Drugs – for much of human history we have dedicated ourselves to the task of finding new and creative ways to package and deliver them in order to treat our myriad maladies. There are, of course, the old classics - we’ve ingested them, smoked them, injected them, rubbed them on our skin. But with the explosion of modern biotechnology has come a profusion of ever more creative strategies. We’ve packaged them in viruses and then intentionally infected ourselves. We’ve loaded them onto tiny robots to deliver them with surgical precision. Perhaps the most famous recent case is the mRNA technology underlying the development of the COVID-19 vaccines. Drs. Barry Stoddard and Phil Bradley, Professors in Fred Hutch’s Basic Sciences and Public Health Sciences Divisions, take a different approach – designing synthetic proteins that can act as scaffolds for drug display and delivery.
Though they are initially synthesized as linear strings of amino acids, the proteins in our cells quickly fold themselves into complex three-dimensional shapes that are crucial for their functions. Deciphering how the sequence of a protein informs the shape it will adopt has been a perduring challenge in biochemistry. However, recent progress in computational power and predictive algorithms based on artificial intelligence have led to major advances in this area. And better understanding the relationship between sequence and structure has led to the possibility of computationally designing new proteins with interesting and useful features. “The use of computational protein design to create new biomolecules leads us to question what additional types of protein folds, including those that have never been seen before in nature, might be designed in silico and then adopted for use in real life,” said Dr. Stoddard. In an exceptional example of collaborative synergy, Dr. Stoddard, an expert in structural biology, has teamed up with Dr. Bradley, an expert in computational protein design, to bring this vision to life. Their labs are particularly focused on a class of synthetic proteins called circular tandem repeat proteins (cTRPs) – repeated protein sequences that self-assemble into large circular structures. “[cTRPs] can display significant stability and solubility, a wide range of sizes, and are useful as protein display particles for biotechnology applications. However, cTRPs also demonstrate inefficient self-assembly from smaller subunits,” they wrote in a recent article in Communications Biology that reports a new class of cTRPs with improved self-assembly capabilities.

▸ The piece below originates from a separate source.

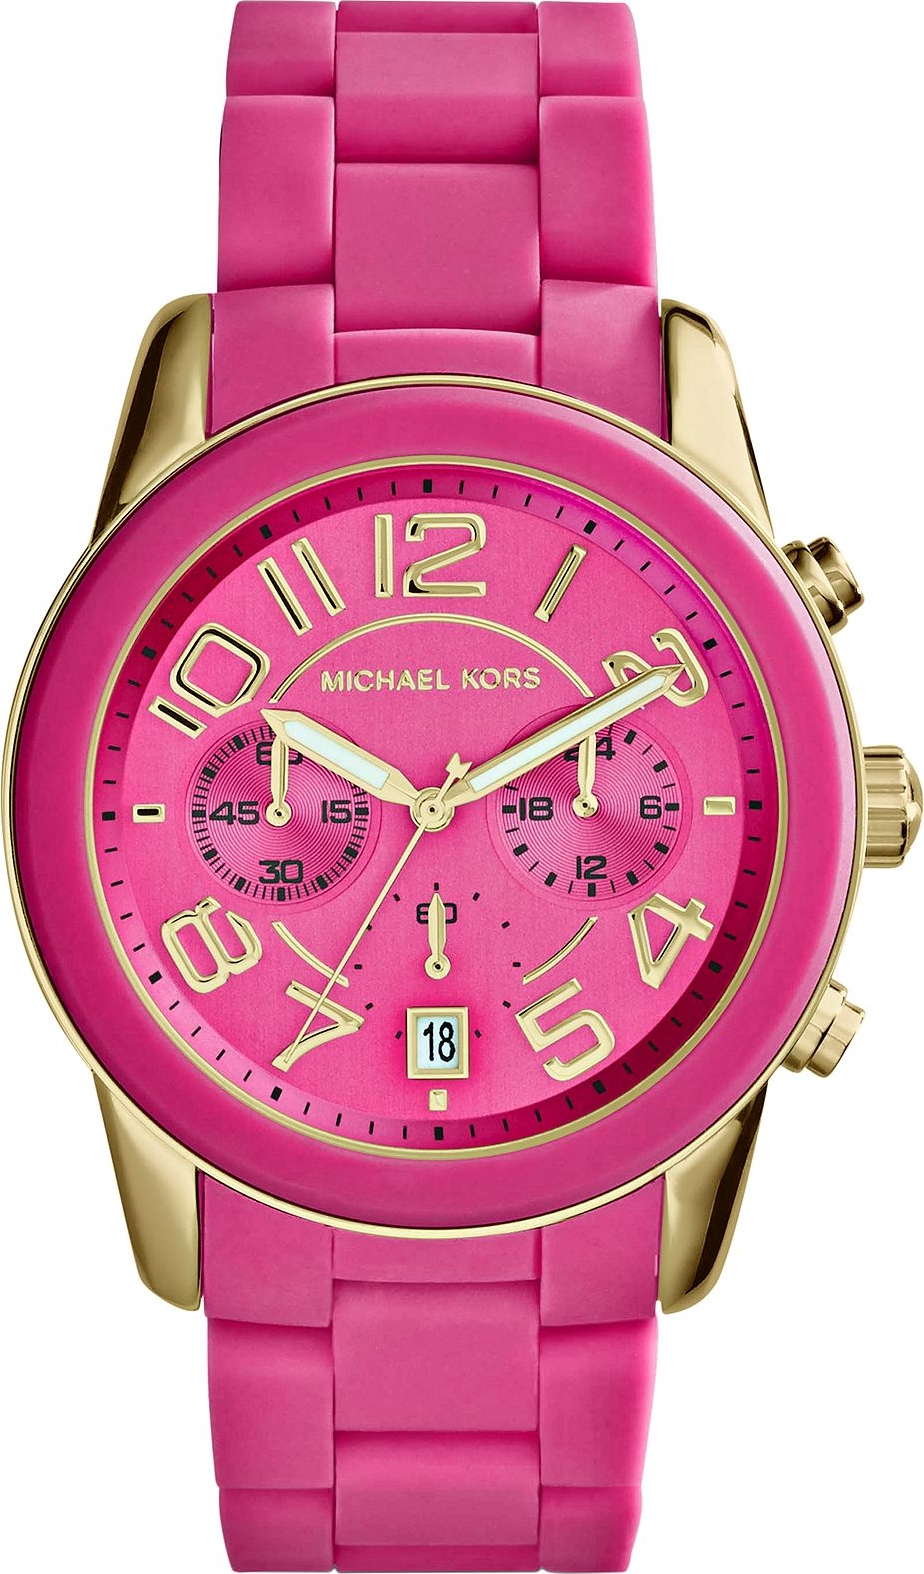 Top 67+ imagen pink michael kors watch

cTRPs form from the linking together of several smaller protein subunits. The relatively poor self-assembly of previous generations of cTRPs, the authors noted, resulted from “relatively limited contacts and small surface areas that are involved in packing between…subunits.” They therefore sought to design a new, bulkier class of cTRPs, which they termed thick cTRPs (tcTRPs), that would provide more contact area between subunits. This work began with computational models – the authors used a molecular modeling software called Rosetta to design subunits that were predicted to have improved assembly. The group then selected two promising designs of different sizes – one with 9 subunits (tcTRP9) and one with 24 subunits (tcTRP24) - for which they synthesized the proteins and directly assessed their assembly characteristics. Analysis of the tcTRP9 proteins’ mass, thermal stability, and crystal structure validated that it did indeed assemble as the authors predicted. The tcTRP24 protein required some tweaking of its original sequence to improve the accuracy of assembly, but the authors ultimately generated a protein that they determined by Cryo-Electron Microscopy to assemble correctly with >95% accuracy.
Having succeeded in developing tcTRPs with improved assembly, the authors finally sought to test whether these proteins could be functionalized – a process in which the subunits are fused to effector protein domains to allow them to influence some biological function. They first fused SH2 protein domains to their tcTRPs and found that these domains maintained their sequence-specific phospho-tyrosine peptide binding function. As a second test, they fused a modified antibody, called a nanobody, against SARS-CoV-2 and found that this conferred the particles with a potent ability to neutralize the virus.
These findings, Dr. Stoddard explained, illustrate how “new designed protein fold…can be used for the arrangement and display of functional protein domains for use in biotech and/or biomedical applications.” Looking forward, he is excited to explore the potential of this approach to computational protein design. “Are there limits to this technology, and if so, what are they? Are certain types of protein folds that look nice on a computer screen nonetheless impossible for a peptide chain to form? We continue to push the capabilities of computational protein design, as well as our ability to arm our designed molecules with functional proteins (binding domains, enzymes, signaling molecules) to see what is possible and useful.”
This work was supported by the National Institutes of Health and Fred Hutchinson Cancer Research Center.
Fred Hutch/UW Cancer Consortium members Barry Stoddard and Phil Bradley contributed to this work
Hallinan JP, Doyle LA, Shen BW, Gewe MM, Takushi B, Kennedy MA, Friend D, Roberts JM, Bradley P, Stoddard BL. Design of functionalised circular tandem repeat proteins with longer repeat topologies and enhanced subunit contact surfaces. Commun Biol. 2021 Oct 29;4(1):1240. doi: 10.1038/s42003-021-02766-y. PMID: 34716407; PMCID: PMC8556268.